Sounds overall like Tesla may have to come up with a better API modification to deal with sleep, now that it really works ...
 
The problem is that when you collect telemetry from the car, it will never fall asleep. To get around that major limitation I implemented a concept called a "nap".

Once the car falls asleep it can be monitored to see if it ever wakes up again and goes 'online'. It can do this with the one and only REST API call that doesn't wake the car, and will tell the app what state the car is in (asleep, waking, or online).

Could you set certain days/times when a "nap" is allowed? I have a fairly predictable driving pattern M-F, so if I could restrict naps (and thus car sleep) to certain hours of the day, I could get some of the benefits of sleep mode without sacrificing logging integrity.
 
Could you set certain days/times when a "nap" is allowed? I have a fairly predictable driving pattern M-F, so if I could restrict naps (and thus car sleep) to certain hours of the day, I could get some of the benefits of sleep mode without sacrificing logging integrity.

That is a great idea. Sounds similar to the Daydream mode in VisibleTesla.

I will work on a method to configure customizable napping periods by time of day and day of the week.

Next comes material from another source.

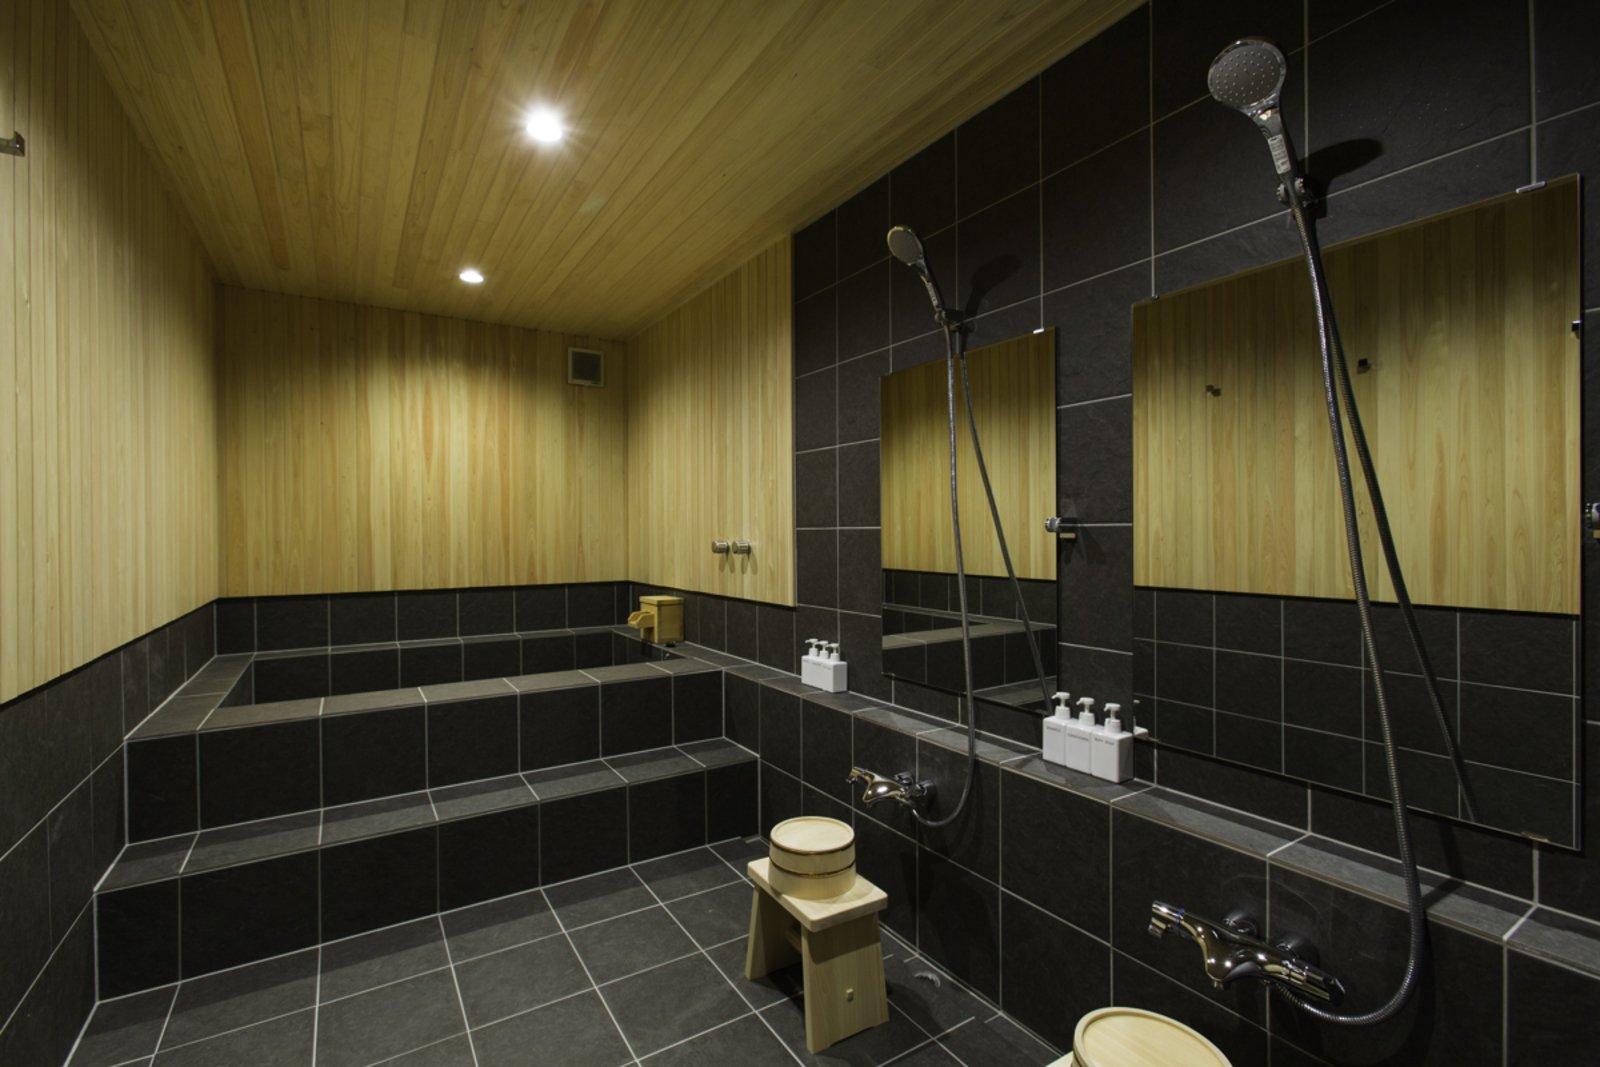 Greystone onsen bath large

On a completely separate subject I am adding in support for deploying to Heroku and running mongodb in the cloud. This will allow easy deployment into platform-as-a-service environments.

---update---

I did manage to deploy streaming.js to Heroku (for free) and have it working with MongoLabs mongodb also running in the cloud (for free). Both the Heroku dynos and the MongoLabs database are running in Amazon Web Service.

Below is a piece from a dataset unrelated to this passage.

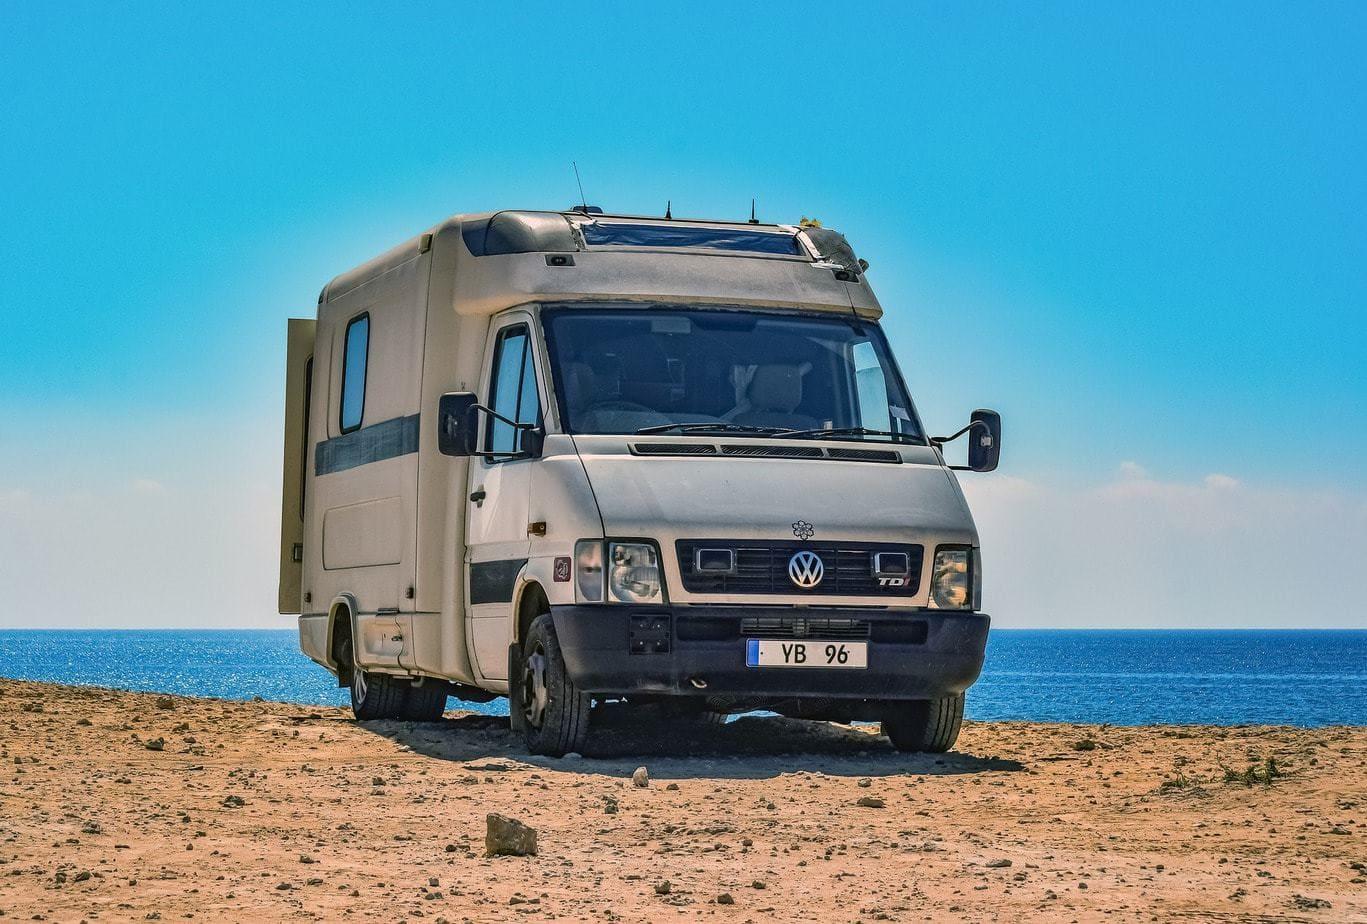 Volkswagen RV motorhome at California Beach

I also managed to capture and instance were my own car's data was missing in the middle of a trip. I am pretty sure that some rare condition is not handled properly in my code and the car is entering "nap" mode in the middle of a trip. It is quite possible that the drive state data can incorrectly return "null" a couple times, mid-trip, and fool the current logic that tries to detect when the car is parked. Since I now have lots of telemetry I can debug this problem better. Sorry guys that this is one isn't as nailed as I had thought.

Screen Shot 2013-12-24 at 7.39.47 PM.png



Almost exactly 60 minutes missing so it must be two consecutive "nap" periods. I know the car was parked in the middle of that missing data so really this is just one mistaken 30 minute mistaken "nap at the wheel"

Screen Shot 2013-12-24 at 7.41.49 PM.png


---second update---
Think I figured this out. The streaming.js code was allowing one last poll for data AFTER entering nap mode. If you started driving right after napping began, you could get up to one HTTP long poll's worth of streaming data logged before the nap mode flag would stop the additional polling.

This bug turned out to be a feature because it's a way that I can implement a final check to see of the car remains parked or not, without keeping the car awake.
I have implemented this logic and will test it out after the holidays. I am excited to see if this will work.